[Records for this exercise — start]
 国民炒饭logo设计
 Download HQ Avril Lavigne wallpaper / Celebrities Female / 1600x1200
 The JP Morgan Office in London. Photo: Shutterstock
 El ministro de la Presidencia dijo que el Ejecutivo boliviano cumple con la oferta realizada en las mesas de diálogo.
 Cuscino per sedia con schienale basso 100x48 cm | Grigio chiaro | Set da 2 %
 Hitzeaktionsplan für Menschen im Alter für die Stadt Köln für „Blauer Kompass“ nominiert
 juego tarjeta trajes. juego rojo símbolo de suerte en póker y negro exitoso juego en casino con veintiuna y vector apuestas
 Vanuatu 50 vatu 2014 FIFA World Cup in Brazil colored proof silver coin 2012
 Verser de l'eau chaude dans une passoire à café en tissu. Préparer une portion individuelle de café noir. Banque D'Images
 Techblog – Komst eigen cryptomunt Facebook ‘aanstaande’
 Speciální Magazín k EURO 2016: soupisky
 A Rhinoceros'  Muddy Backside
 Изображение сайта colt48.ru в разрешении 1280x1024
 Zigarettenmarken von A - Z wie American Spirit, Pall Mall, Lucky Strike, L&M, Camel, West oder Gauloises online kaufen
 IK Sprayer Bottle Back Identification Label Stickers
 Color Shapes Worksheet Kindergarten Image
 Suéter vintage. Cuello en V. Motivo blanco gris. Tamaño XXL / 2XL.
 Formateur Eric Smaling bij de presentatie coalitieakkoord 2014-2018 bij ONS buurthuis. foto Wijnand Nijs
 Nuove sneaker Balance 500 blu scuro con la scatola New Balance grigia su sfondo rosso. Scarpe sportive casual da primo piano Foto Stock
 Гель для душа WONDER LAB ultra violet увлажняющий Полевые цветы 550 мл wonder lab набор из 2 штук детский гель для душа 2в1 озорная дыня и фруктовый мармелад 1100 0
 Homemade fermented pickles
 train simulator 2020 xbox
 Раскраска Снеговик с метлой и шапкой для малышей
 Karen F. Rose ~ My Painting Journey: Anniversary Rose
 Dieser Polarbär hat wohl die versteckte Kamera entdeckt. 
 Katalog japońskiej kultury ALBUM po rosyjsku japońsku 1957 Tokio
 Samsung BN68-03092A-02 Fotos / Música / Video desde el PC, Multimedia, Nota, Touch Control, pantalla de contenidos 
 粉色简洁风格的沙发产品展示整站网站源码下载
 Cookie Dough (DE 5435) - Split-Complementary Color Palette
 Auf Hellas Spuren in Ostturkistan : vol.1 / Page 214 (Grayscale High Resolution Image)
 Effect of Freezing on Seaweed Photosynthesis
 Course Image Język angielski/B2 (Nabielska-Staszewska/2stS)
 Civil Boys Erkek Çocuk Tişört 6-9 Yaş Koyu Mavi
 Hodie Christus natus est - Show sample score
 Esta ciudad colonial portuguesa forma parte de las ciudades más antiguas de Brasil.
[Records for this exercise — finish]
#### What the exercise asks:
Give back exactly the lines beginning at the one with "Civil Boys Erkek" and ending at the final line of the material; both boundary lines belong in it.

#### Task solution:
 Civil Boys Erkek Çocuk Tişört 6-9 Yaş Koyu Mavi
 Hodie Christus natus est - Show sample score
 Esta ciudad colonial portuguesa forma parte de las ciudades más antiguas de Brasil.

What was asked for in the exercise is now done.